Of course, some memorials of God’s grace are physical things. We are meeting in a church building dedicated to God’s glory 75 years ago. Our guests attend school in buildings some forty years old and in a handful of classrooms now less than a week past their first use. Why these buildings? What do they mean? They stand as testimony to God’s grace. They are reminders. They are teaching tools. They are conversation starters. They are for all of us to realize and recognize the great things God has done for us.

From the crossing of the Jordan to new classrooms at Arizona Lutheran Academy, every highlight of God’s grace in the face of our sin and unworthiness is a small picture of the preeminent highlight of God’s grace in the life and death and resurrection of our Lord and Savior Jesus Christ. Nothing speaks as loudly as the cross of our unworthiness as all our sin was laid on him. Nothing speaks as loudly as the cross of God’s grace to us as Jesus takes our punishment and announces its completion.

One day the time will come for us to cross the metaphorical river into the land God has promised to us. When that time comes, we will stand where Jesus did first. And because he did, the waters that would have rolled over us have stopped flowing. We will walk safely in his footsteps to the glorious, heavenly promised land.
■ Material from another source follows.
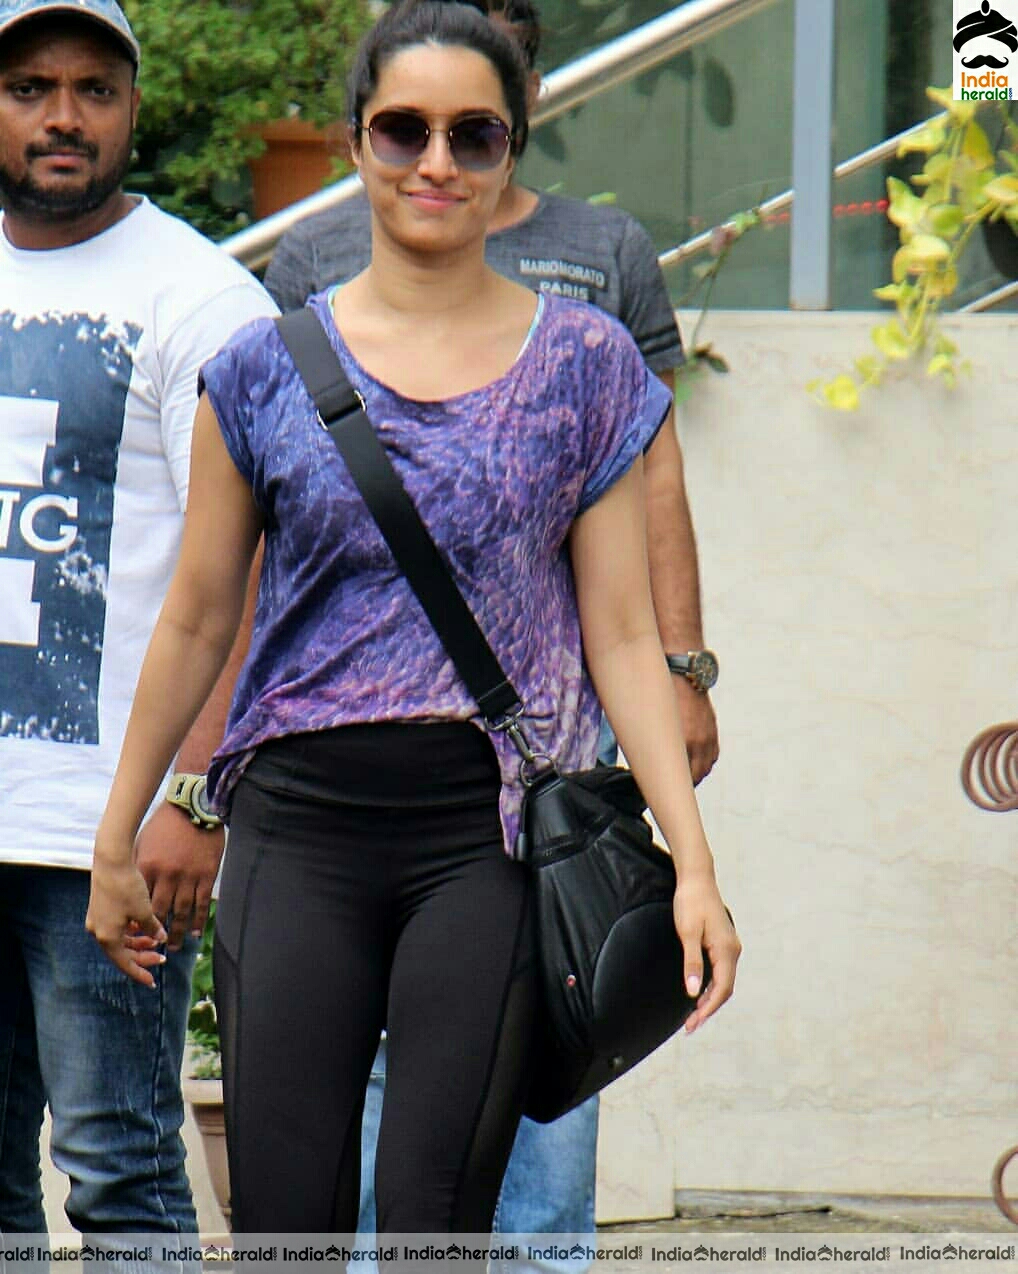 Shraddha Seen in lose top and shades

And because you know that, because you believe that, all you do may be a memorial to God’s grace in the face of your unworthiness. Your offerings in support of church and school. Your prayers and praises. Your assistance to neighbors and kindness to strangers. What does this mean? It means that Jesus Christ has been with you up until now. It means that you can trust him to be with you throughout this life. It means that you can be confident he will take you to be with him forever.

The Text: Joshua 4:1–9 (NIV)

When the whole nation had finished crossing the Jordan, the Lord said to Joshua, 2 “Choose twelve men from among the people, one from each tribe, 3 and tell them to take up twelve stones from the middle of the Jordan, from right where the priests are standing, and carry them over with you and put them down at the place where you stay tonight.”

4 So Joshua called together the twelve men he had appointed from the Israelites, one from each tribe,

5 and said to them, “Go over before the ark of the Lord your God into the middle of the Jordan. Each of you is to take up a stone on his shoulder, according to the number of the tribes of the Israelites, 6 to serve as a sign among you. In the future, when your children ask you, ‘What do these stones mean?’

7 tell them that the flow of the Jordan was cut off before the ark of the covenant of the Lord. When it crossed the Jordan, the waters of the Jordan were cut off. These stones are to be a memorial to the people of Israel forever.”

8 So the Israelites did as Joshua commanded them. They took twelve stones from the middle of the Jordan, according to the number of the tribes of the Israelites, as the Lord had told Joshua; and they carried them over with them to their camp, where they put them down. 9 Joshua set up the twelve stones that had been in the middle of the Jordan at the spot where the priests who carried the ark of the covenant had stood. And they are there to this day.